Modified grey wolf optimization for global maximum power point tracking under partial shading conditions in photovoltaic system
Rambabu Motamarri, Bhookya Nagu, B. Chitti Babu
Abstract
Summary In the study of photovoltaic (PV) system, power‐voltage (P‐V) curves exposed to view several peaks under partial shaded condition (PSC), which brings about muddled and most extreme maximum power point tracking (MPPT) process. Under uniform weather conditions, regular MPPT algorithms such as perturb and observe (P&O), hill climbing (HC), and incremental conductance (INC) work in an effective manner. However, these conventional methods are unable to track global peak successfully under PSC. In this context, the evolutionary algorithms such as grey wolf optimization (GWO) perform better than conventional algorithms.
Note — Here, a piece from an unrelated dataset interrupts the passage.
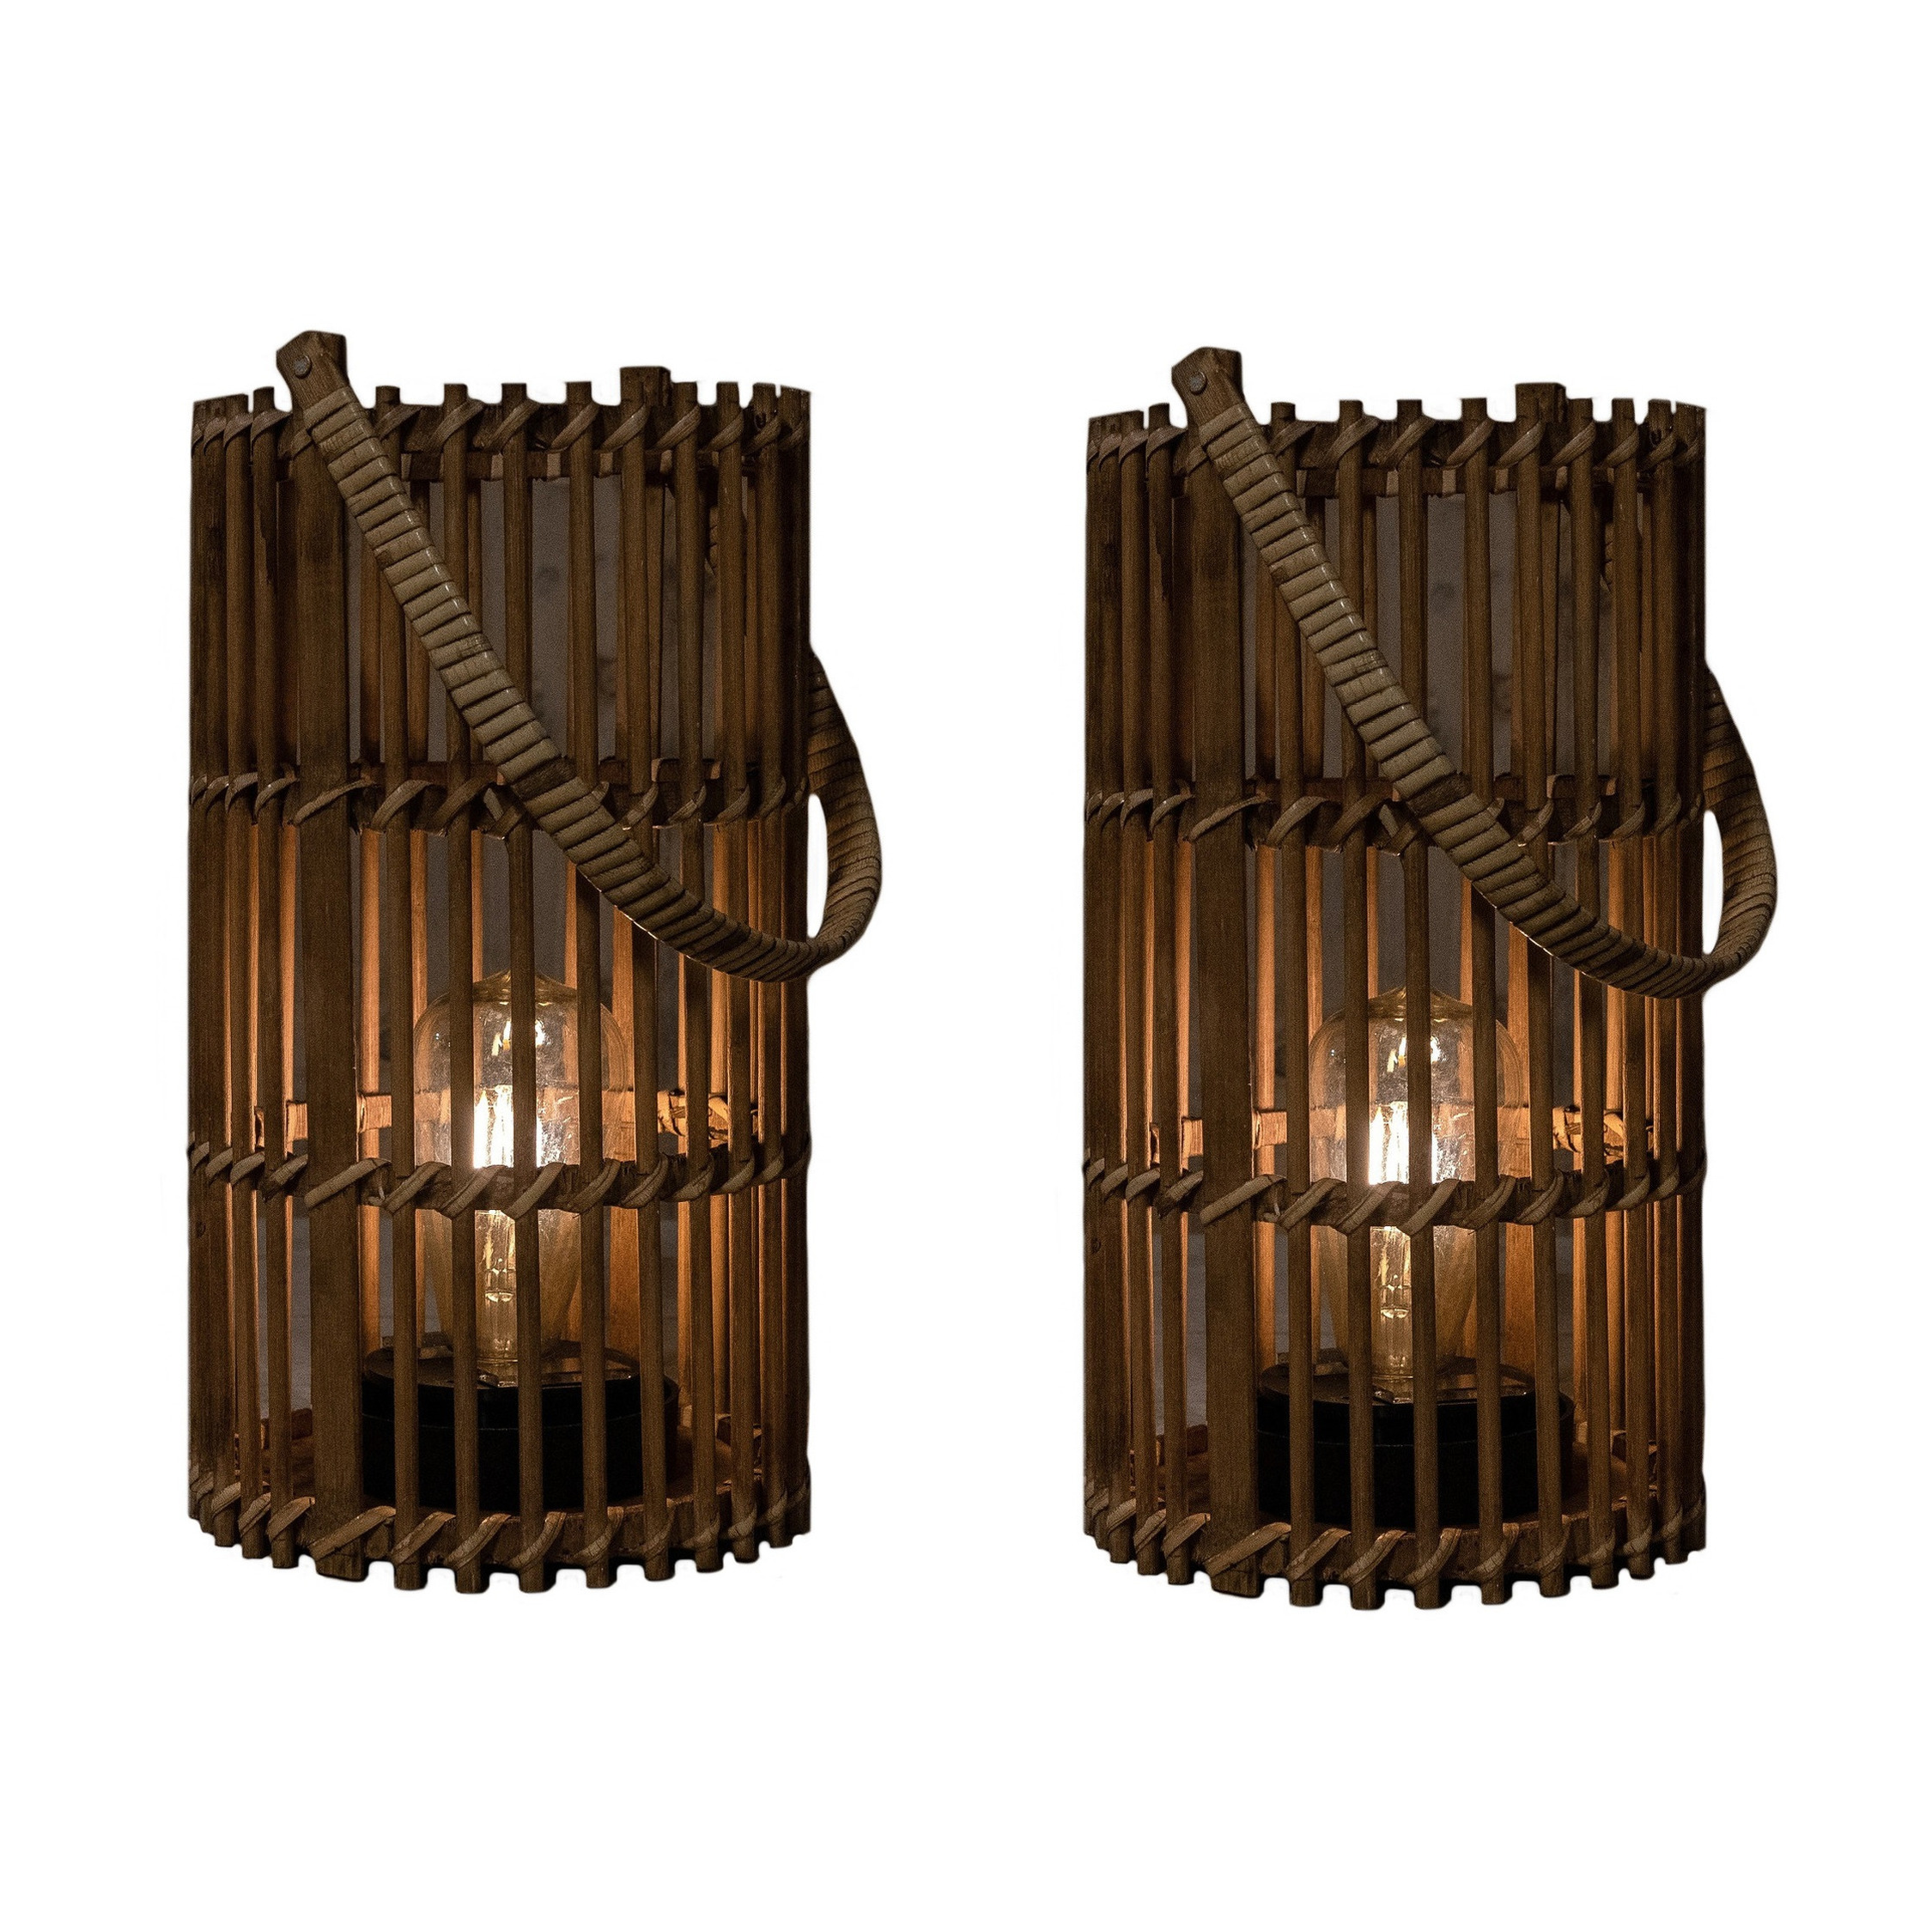 Anna's Collection Solar lantaarn set 2x voor buiten D17 x H32 cm bamboe hout windlicht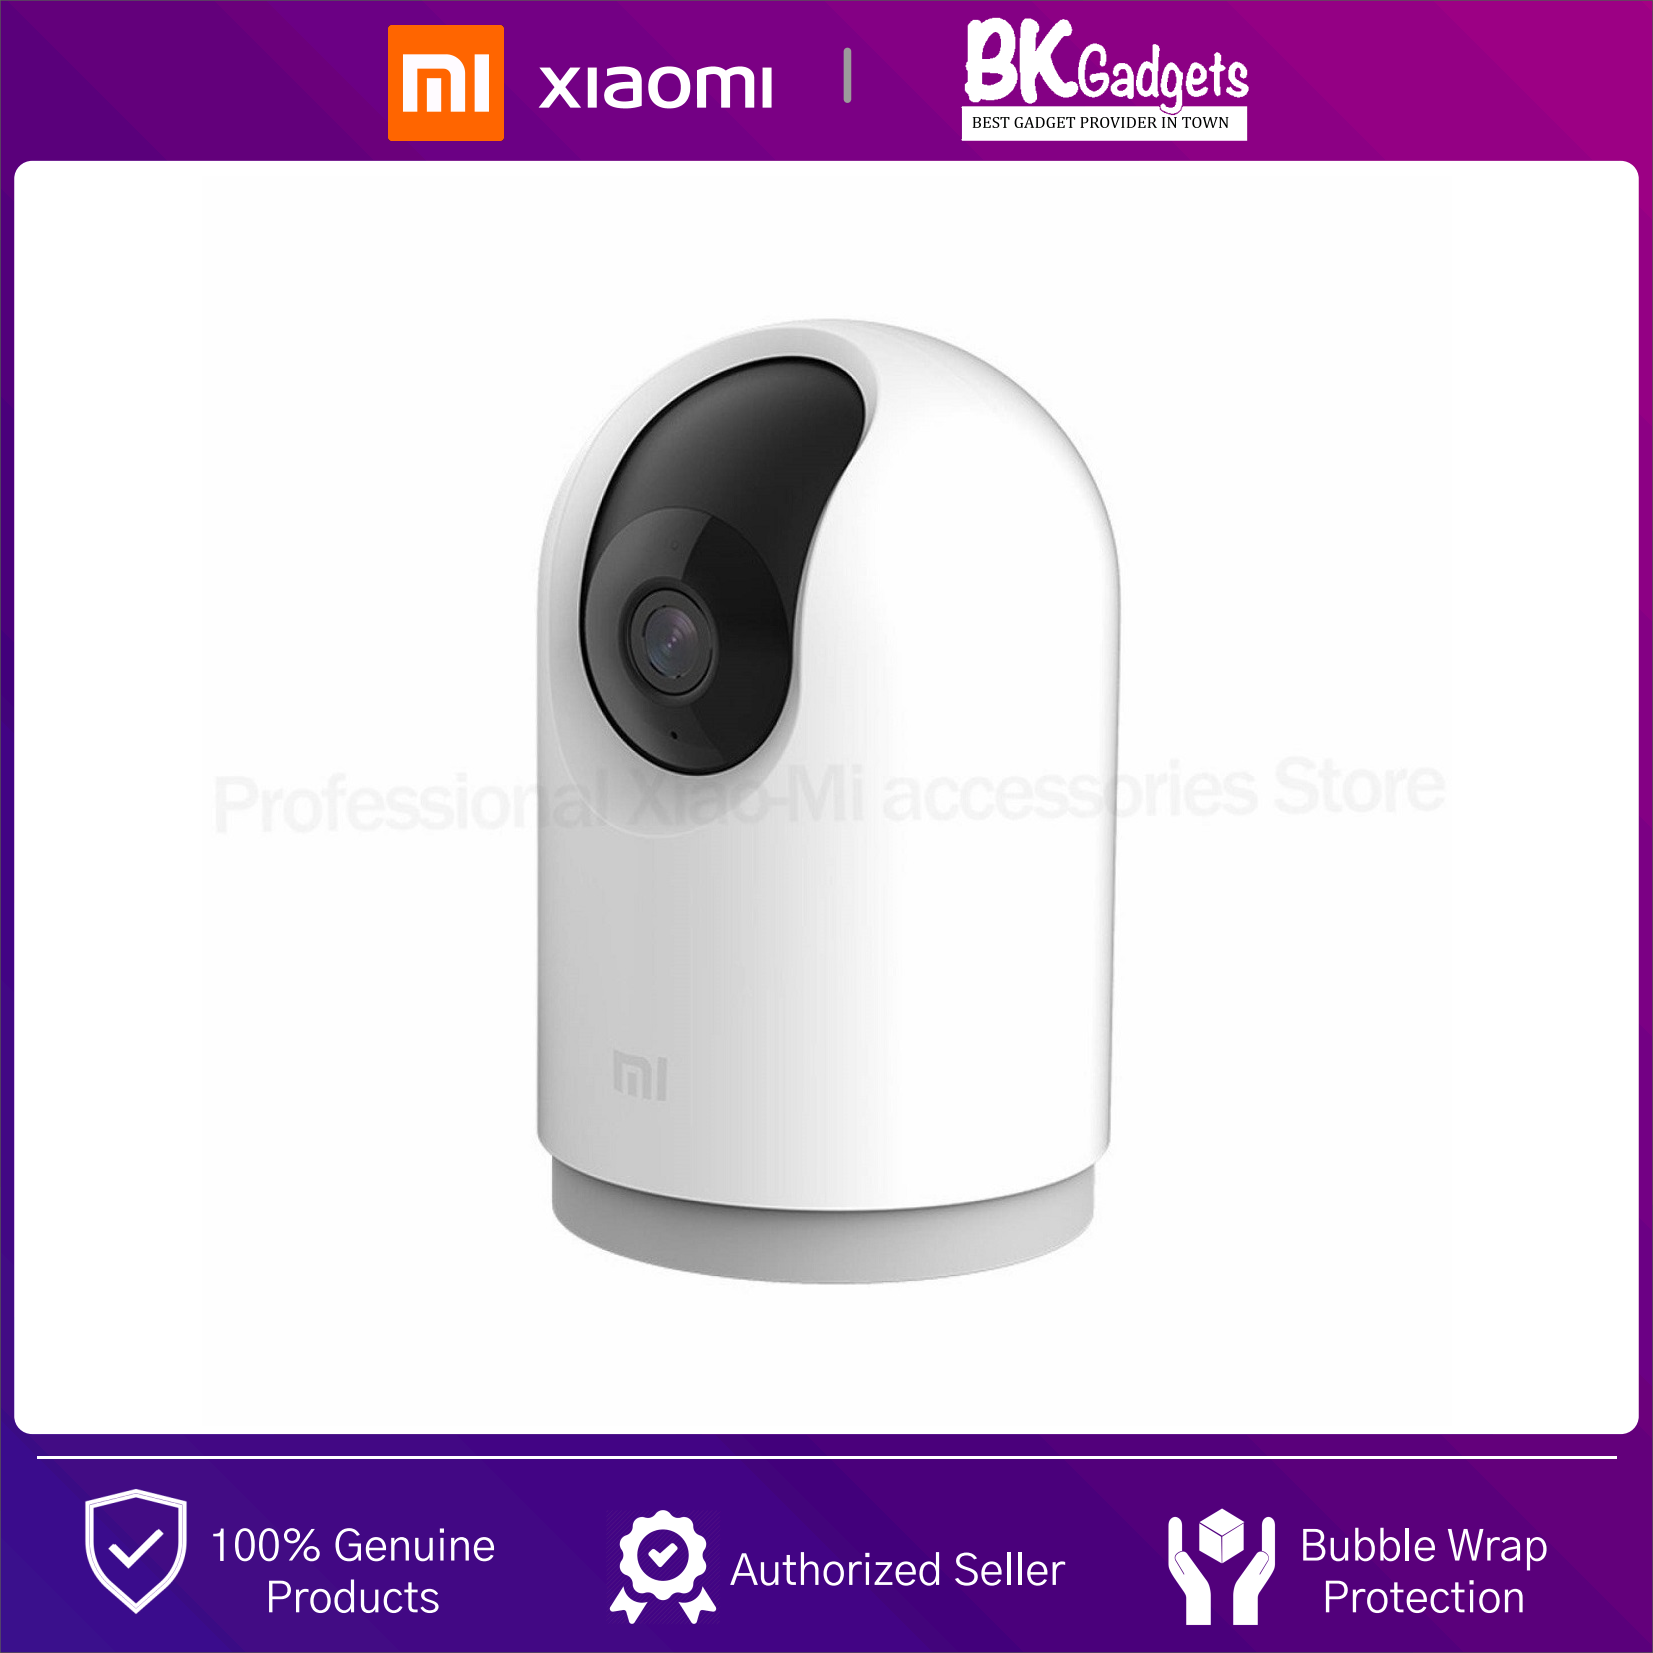 Xiaomi Mi 360 Home Security Camera 2K Pro - Smart IP Camera Ptz Pro 1296P 360 Panoramic 2K AI Detection Two-way Intercom WiFi Home Security For MI Home App

However, the conventional GWO is not sufficient for exploration point of view to locate global best particles; and moreover, GWO deteriorates the convergence process. To overcome these drawbacks, a modified GWO (MGWO) is proposed in this paper to track global best particle, which improves the convergence process under static condition and as well as re‐initialization of parameters under dynamic conditions. The proposed method is verified using simulations as well as using experimental results. The obtained results demonstrate superiority compared to conventional GWO and HC methods under partial shaded patterns of PV array.